Assignment — Give the data again exactly as written, without any of its pictures.

Input data —
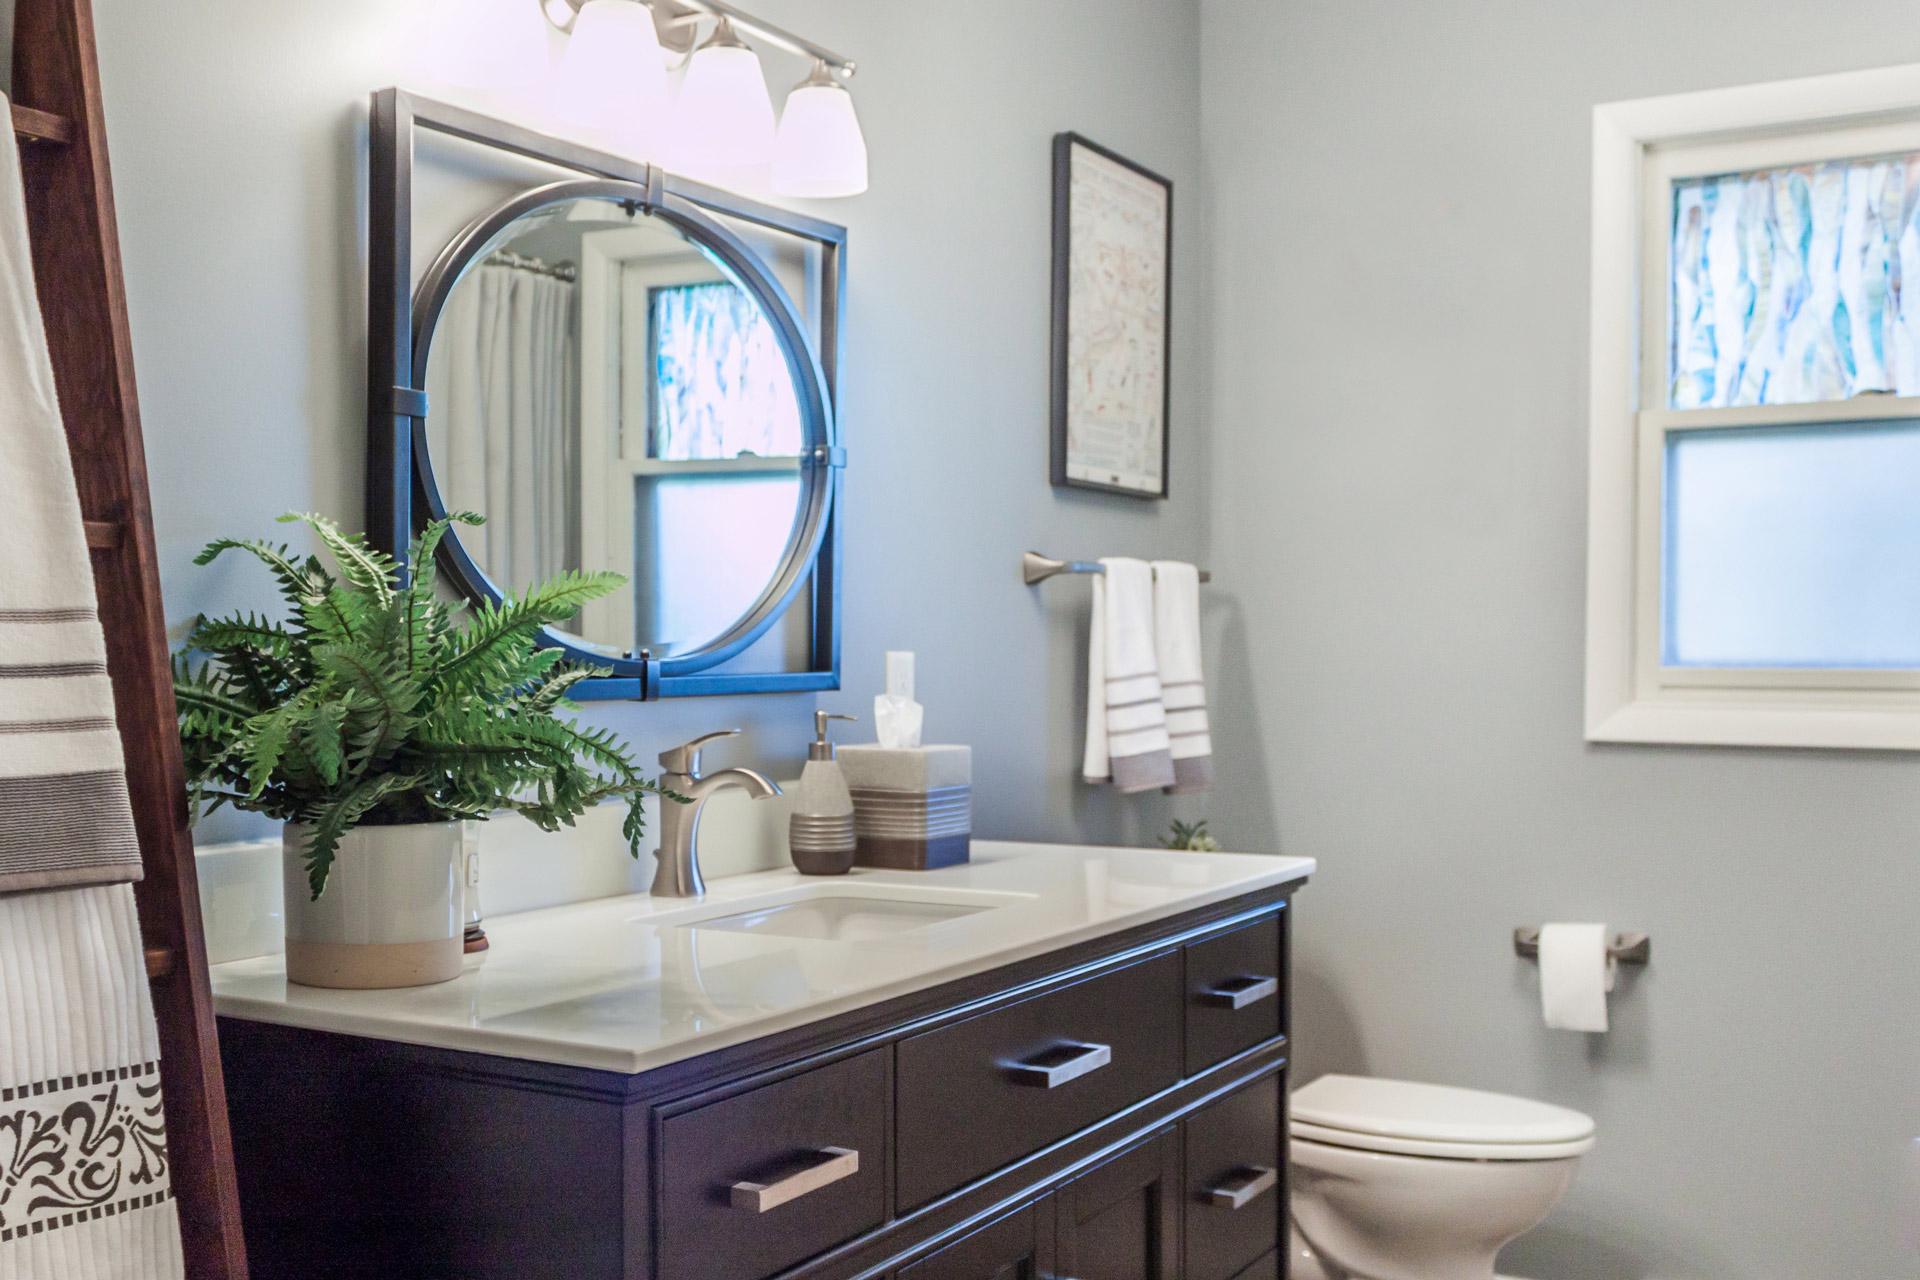 Home-Improvement-Design-Build-Remodeling-Madison-Wisconsin-4.jpg
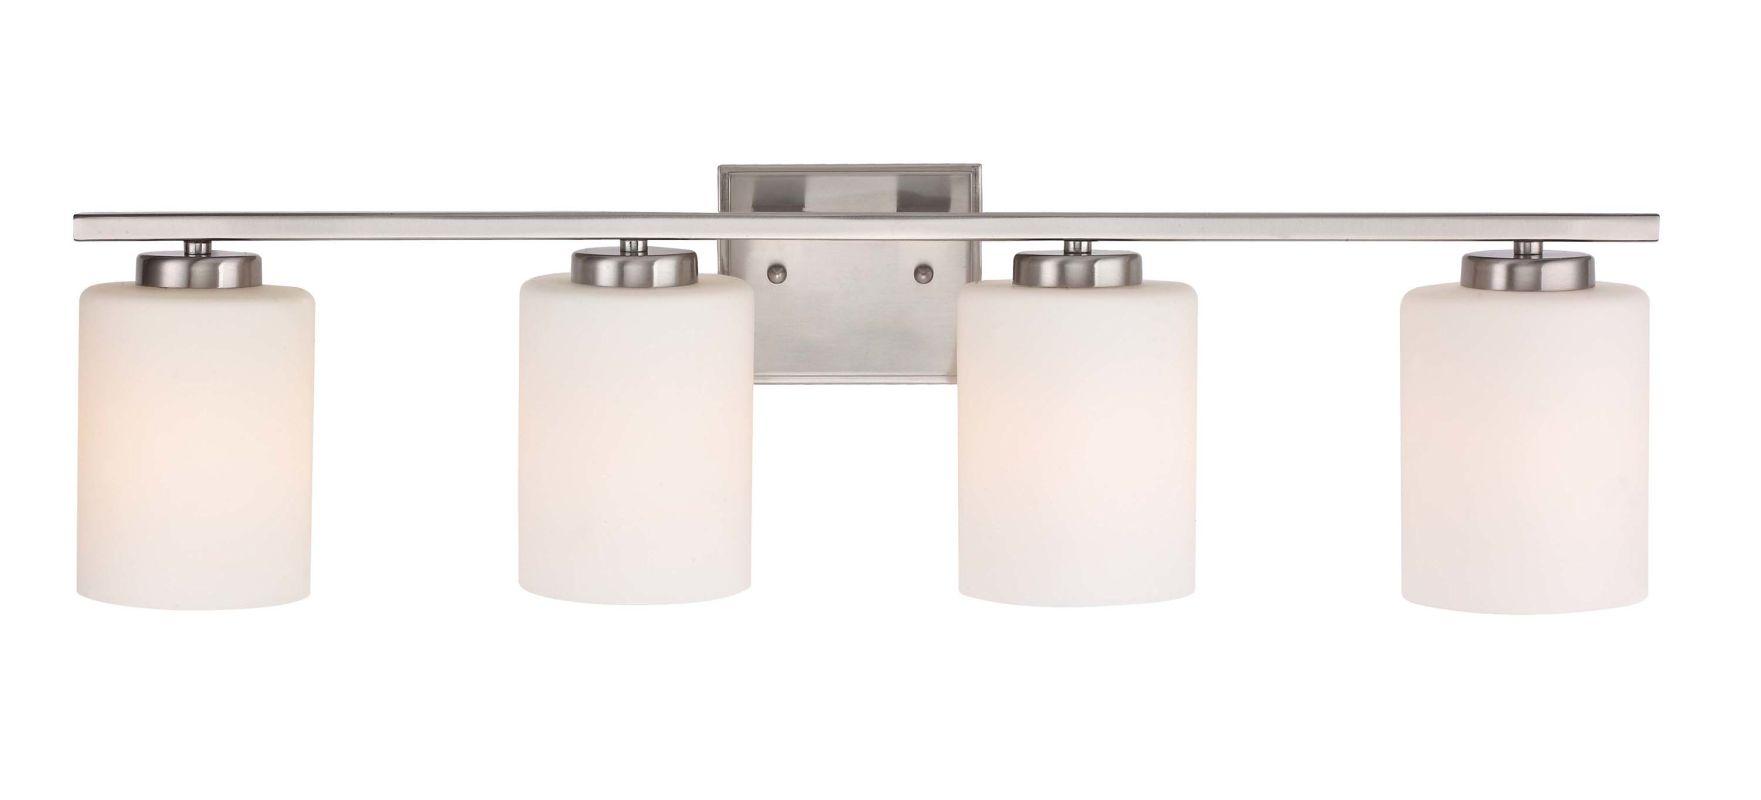 Dolan Designs 3884 4 Light Bathroom Vanity Light - 28.5 Inches Wide
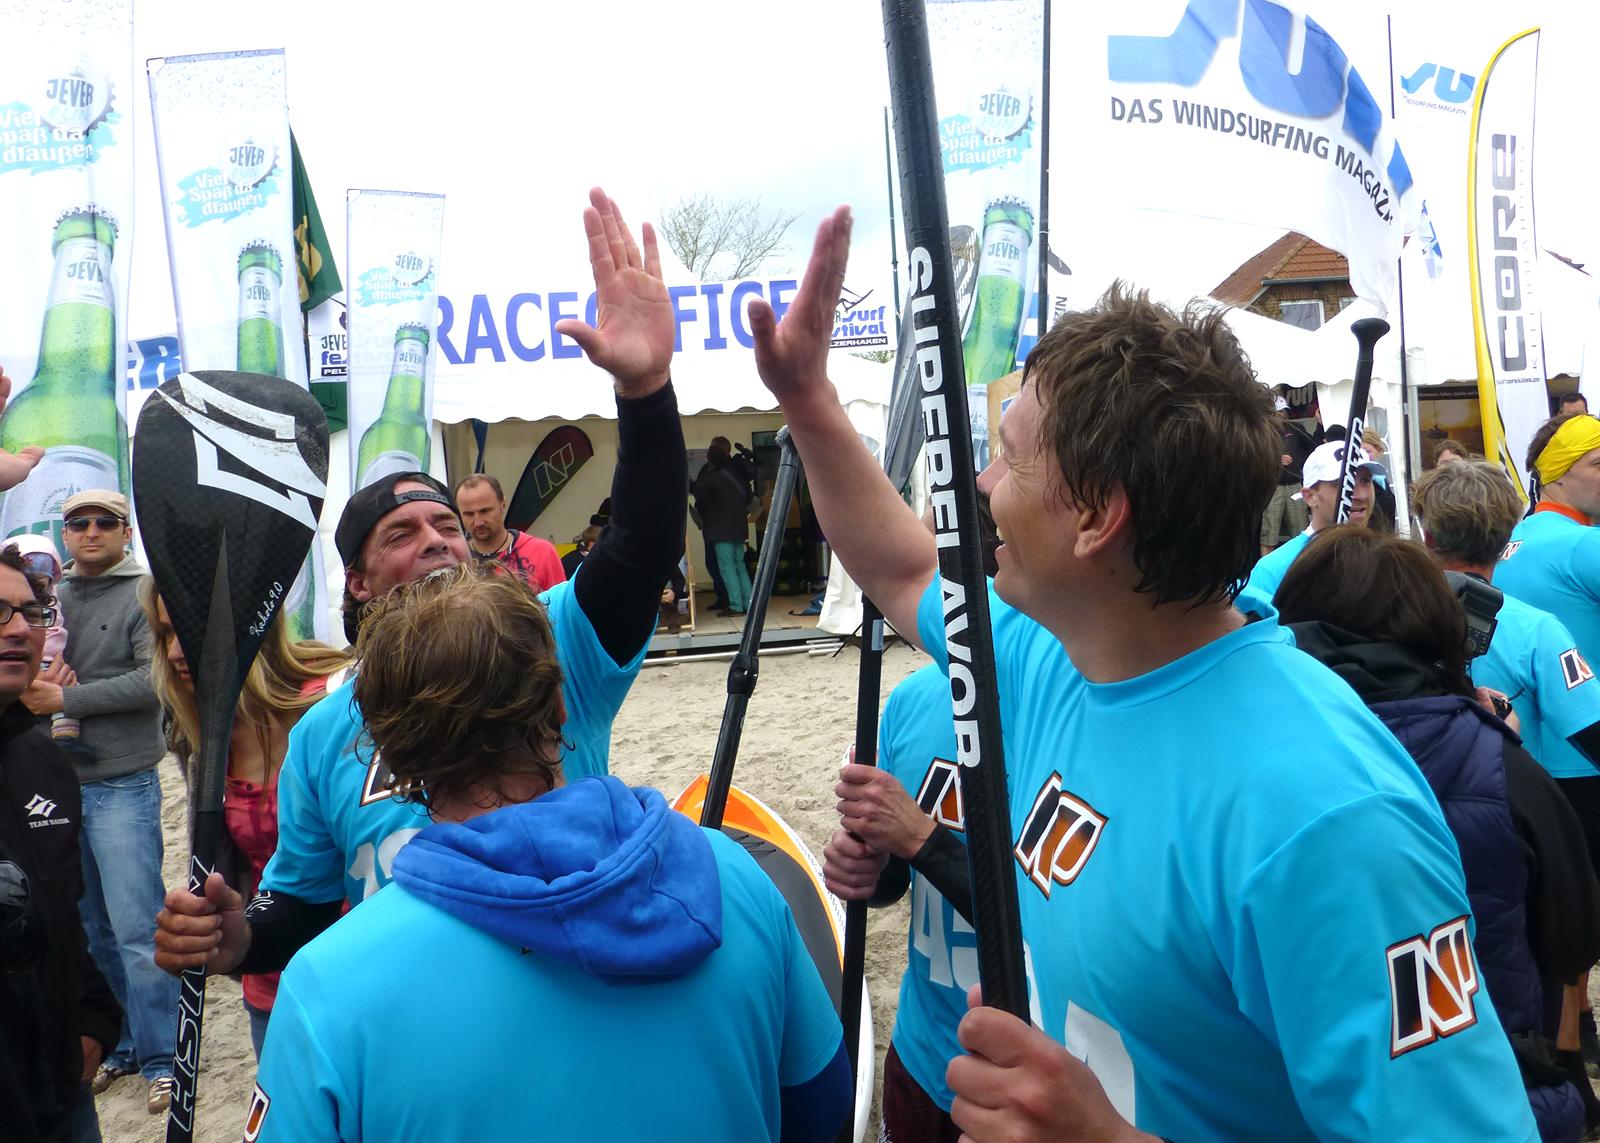 np sup trophy surf festival pelzerhaken 14

Exercise response —
 Home-Improvement-Design-Build-Remodeling-Madison-Wisconsin-4.jpg
 Dolan Designs 3884 4 Light Bathroom Vanity Light - 28.5 Inches Wide
 np sup trophy surf festival pelzerhaken 14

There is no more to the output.